About Phil Stone

When I went to Navy boot camp two or three lifetimes ago, I had something of a head start. I already had a few years of maritime experience and so was able to help the other recruits with things like tying knots and throwing lines. I also had five years marching experience in high school band, so I knew how to march.

The first day of marching, before we started, the Company Commanders (CC) carefully explained and demonstrated the basic procedures. I paid close attention and knew I had it. Then we marched and, as one would expect, we were pretty ragged as a whole but I had it down right away.

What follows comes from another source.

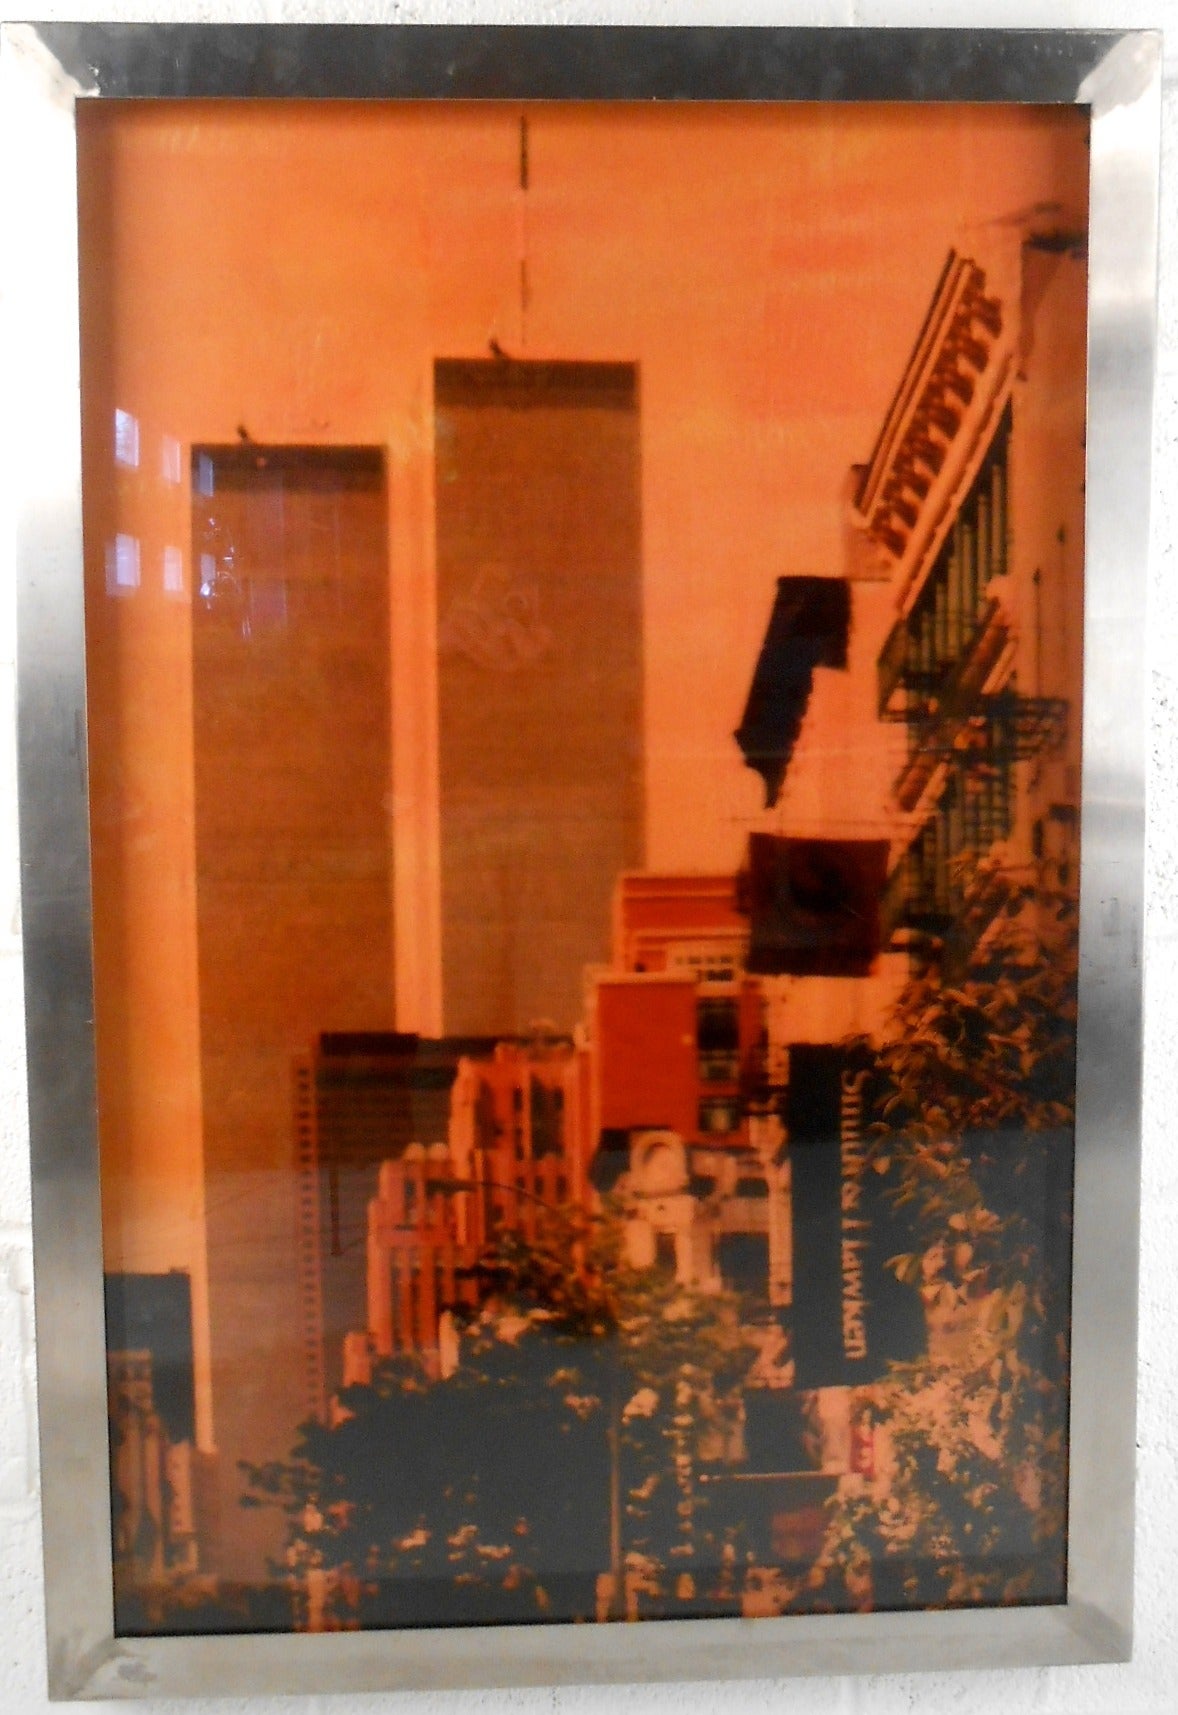 This uniquely framed photograph captures a pre 9/11 World Trade Center through the lens of artist Isack Kousnsky. Known for his colorful interpretations of photographic genius, this beautiful reminder of beloved cityscape makes a unique addition to

The next day when we went out to march, the Recruit Chief Petty Officer (one of us lowly maggots, sort of like class president), who got the job because he was a ROTC brown-nose that could actually stand up on its hind legs, had somehow changed the procedures, specifically for “forward march” and “company halt.”

All of a sudden I found myself alternately walking on the heels of the man before me and having my heels walked on by the man behind. In-between I struggled to get in step with the rest of the company.

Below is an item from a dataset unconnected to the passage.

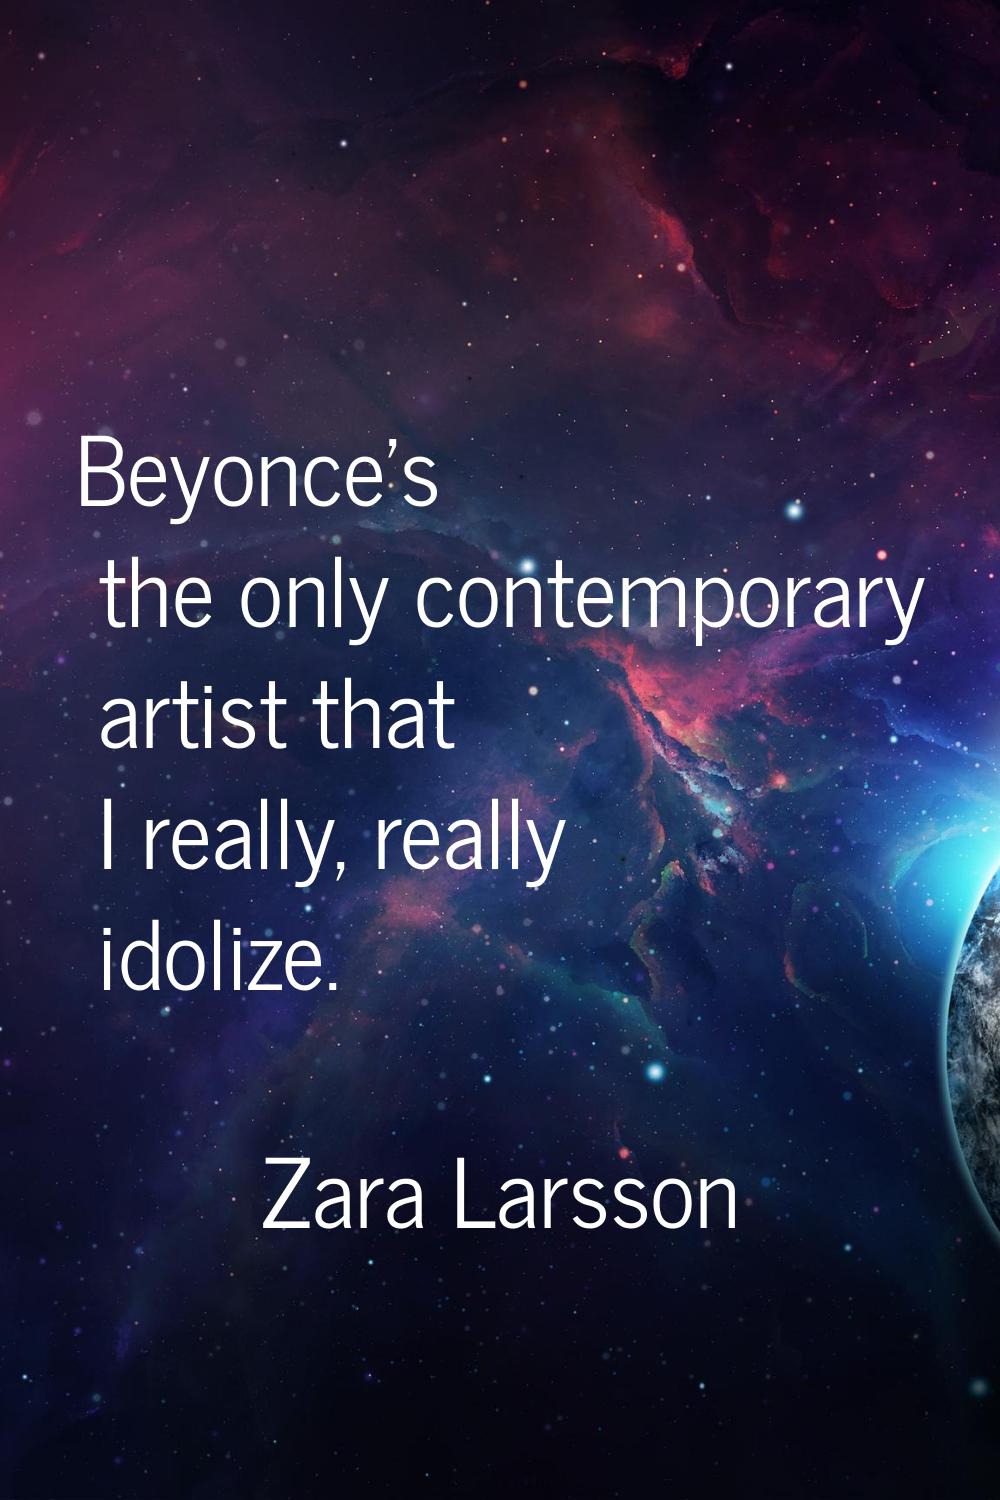 Beyonce's the only contemporary artist that I really, really idolize.

This went on for about five or ten minutes when one of the CCs, who had been following along beside me for the last couple minutes, stopped the company and approached the immediate vicinity of my left ear.

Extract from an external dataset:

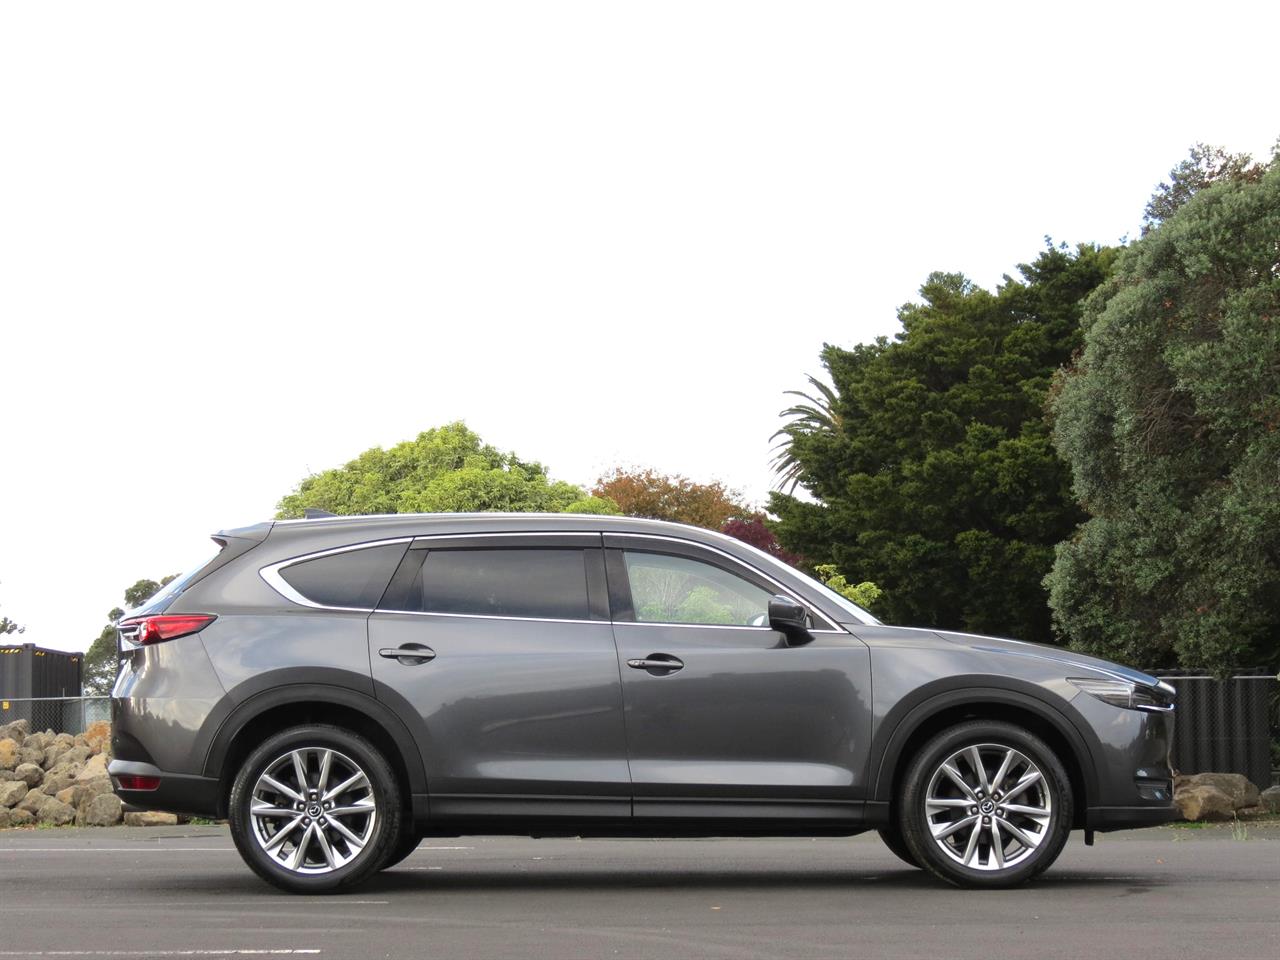 2018 Mazda CX-8 only $105 weekly

“RECRUIT!” he bellowed calmly in what was, for him, a reasonable and quiet tone, “WHY ARE YOU MARCHING OUT OF STEP!?”

Now I knew I was doing it right and I thought the CC knew it as well. So, at rigid attention, under an ominous, slate-gray Forida sky, feeling increasingly weak and fluttery, resisting the urge to wipe the left side of my face, I answered as loudly and firmly as I could muster: “I’m not, sir.”

This seemed to slow him down about a half a beat. I think he was checking the volume control.

“WHAT DO YOU MEAN YOU’RE NOT!!?”.

“I am in step Sir,” I squeaked. “They’re not.”

At this point he apparently decided I could hear better through my nose and adjusted accordingly.

“ARE YOU TRYING TELL ME, RECRUIT, THAT EVERYBODY IN THIS ENTIRE COMPANY IS MARCHING OUT OF STEP EXCEPT YOU!!!?”

“Yes Sir!” I replied.

I think he started feeling a little sorry for me about then as he took on a more compassionate tone of voice over which I honestly felt I could just about hear the DC10 that was at that moment flying about 13 feet over my head.

“THEN FROM NOW ON….. RECRUIT….. YOU…WILL…MARCH…OUT…OF…STEP!!!! (another volume check) IS THAT CLEAR!!!!!?”

“Yes Sir!” And I did, and never had any further trouble in boot camp.

A few years later I found that I am truly out of step with modern society and that if I want to fit in I’d have to march ‘out of step.’ Every day thereafter I found it getting steadily harder to conform without betraying my principles.

Nowadays I accept that, not only am I out of step, I march to a different drummer, outside the box, and against the herd.